3 – DNA elements that modulates how genes are transcribed into RNA and how the genome is organized. There are promoters, enhancers, silencers and many other functional DNA bits. And this is the part that irritates me the most. These elements have been known for ever!!!! But journalists and certain bioinformatics specialists either ignore, downplay or are simply ignorant of their existence. Take a look at this sentence from Carl Zimmer’s article:
As part of the Encode project, scientists identified the location of variations in DNA that have been linked to common diseases like cancer. A third of those variations were far from any protein-coding gene. Understanding how noncoding RNA works may help scientists figure out how to use drugs to counteract genetic risks for diseases.
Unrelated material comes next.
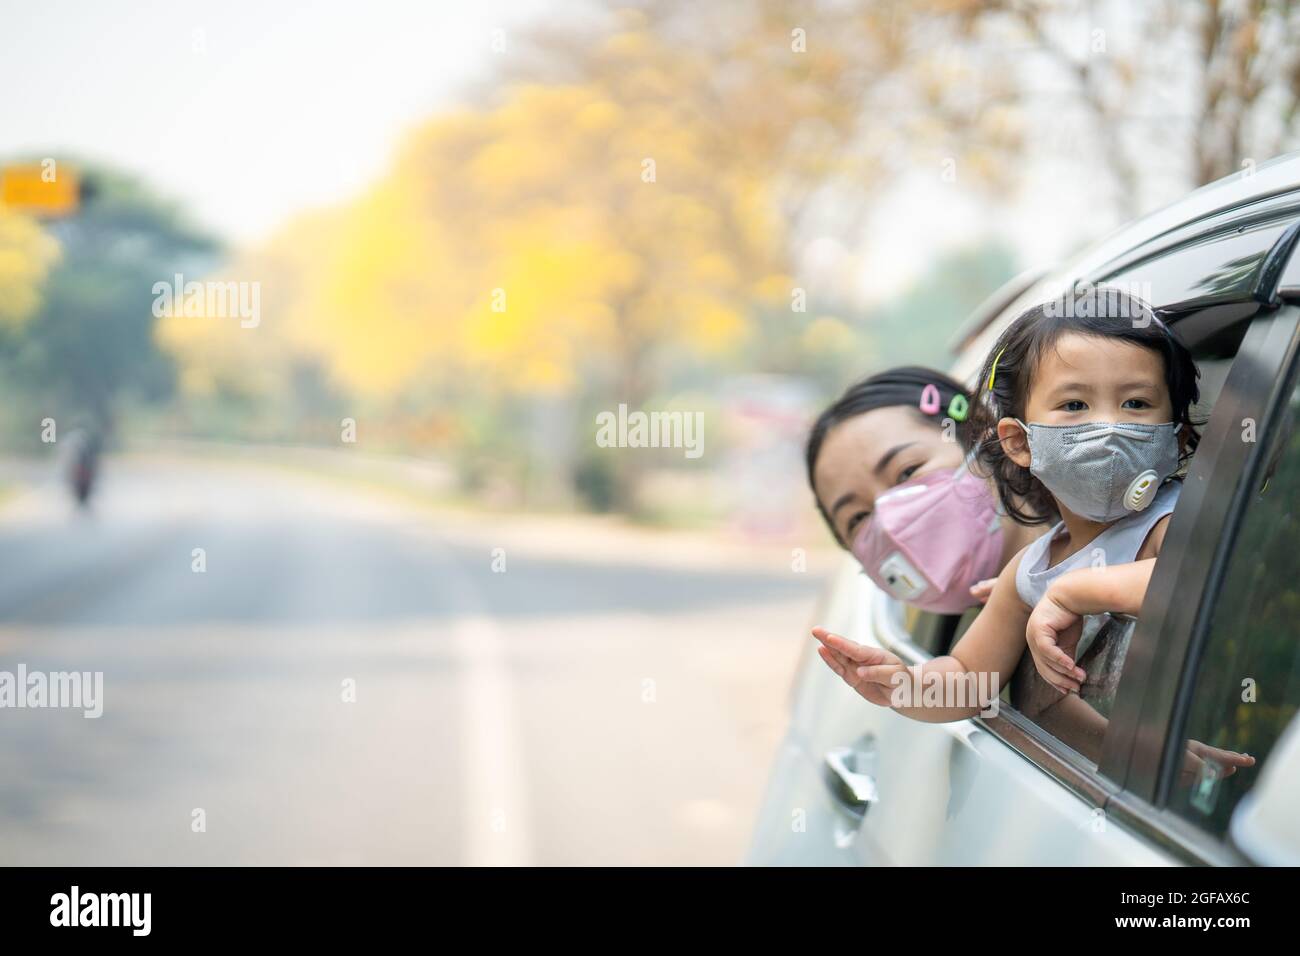 Mutter und Tochter haben Spaß beim Reiten auf der Rückseite eines Autos, während sie eine Schutzmaske tragen Stockfoto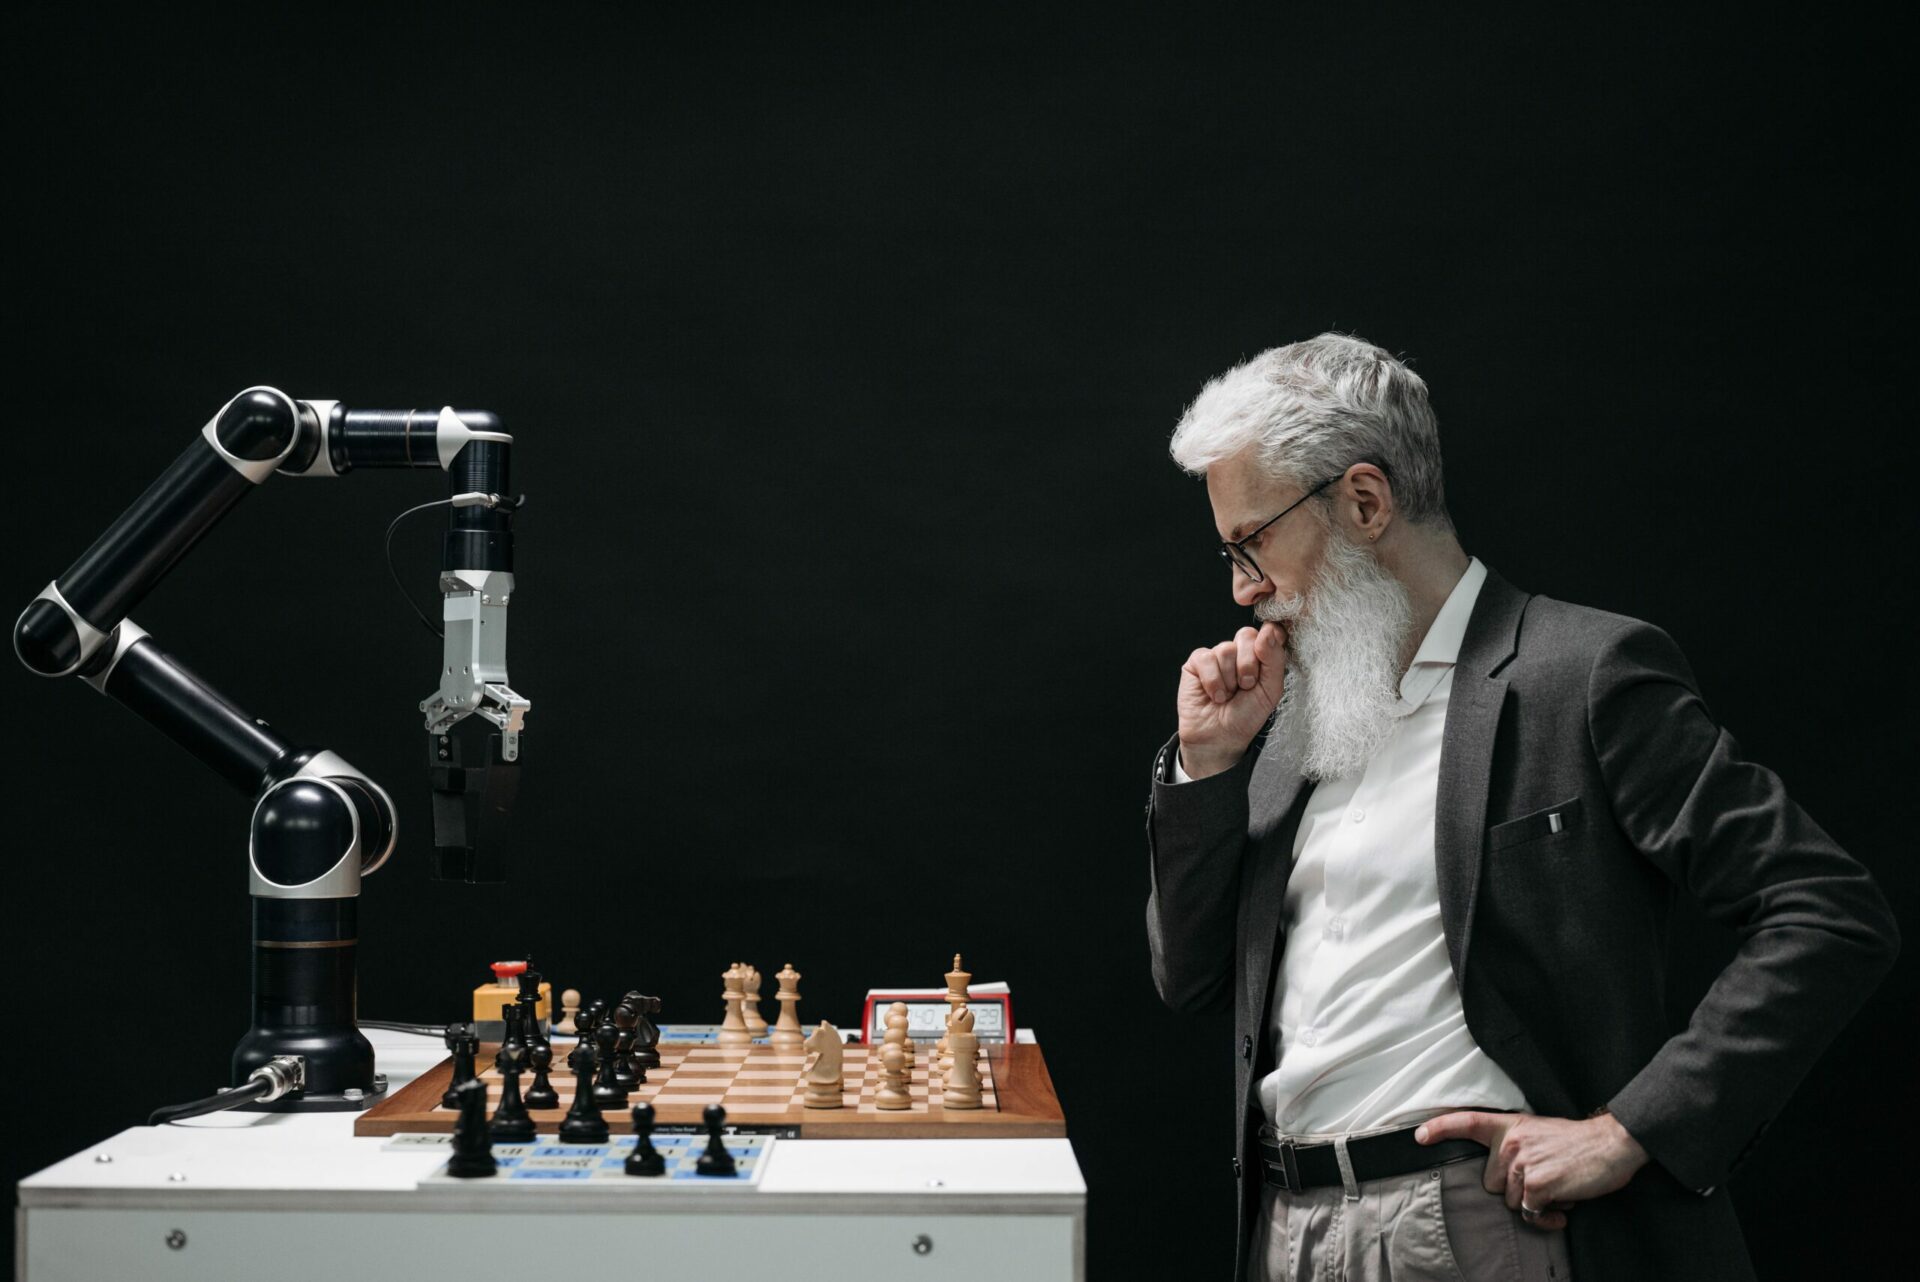 Roboter spielt gegen einen älteren Mann Schach

NO!!! The vast majority of these mutations that are away from protein-coding genes probably map to these DNA elements.
In some ways these elements are the most interesting bit of the genome but some of the most complicated. They are not only ill-defined, but in addition it we have no good way to predict how they will influence the transcription of nearby genes into RNA. This is the true black box of the genome. What the ENCODE results suggested was that these DNA elements are highly conserved, and make up a significant chunk of the genome (at the very least, the same % as the coding bits). The difference between a neuron, and a liver cell, is mostly due to the protein content and this in turn is dictated mostly by how these DNA elements activate or repress the transcription of nearby genes. Sure small ncRNAs and epigenetic mechanisms modulate gene expression, but a HUGE part of the picture lies in how these ill-defined DNA regulator elements affect the the transcription of protein-coding and non-coding genes.
Sure, it is unclear how transcription, epigenetic marks and DNA elements talk to eachother to generate expression patterns, but DNA elements are a fundamental part of the puzzle, one that does not register in our public understanding of biological systems.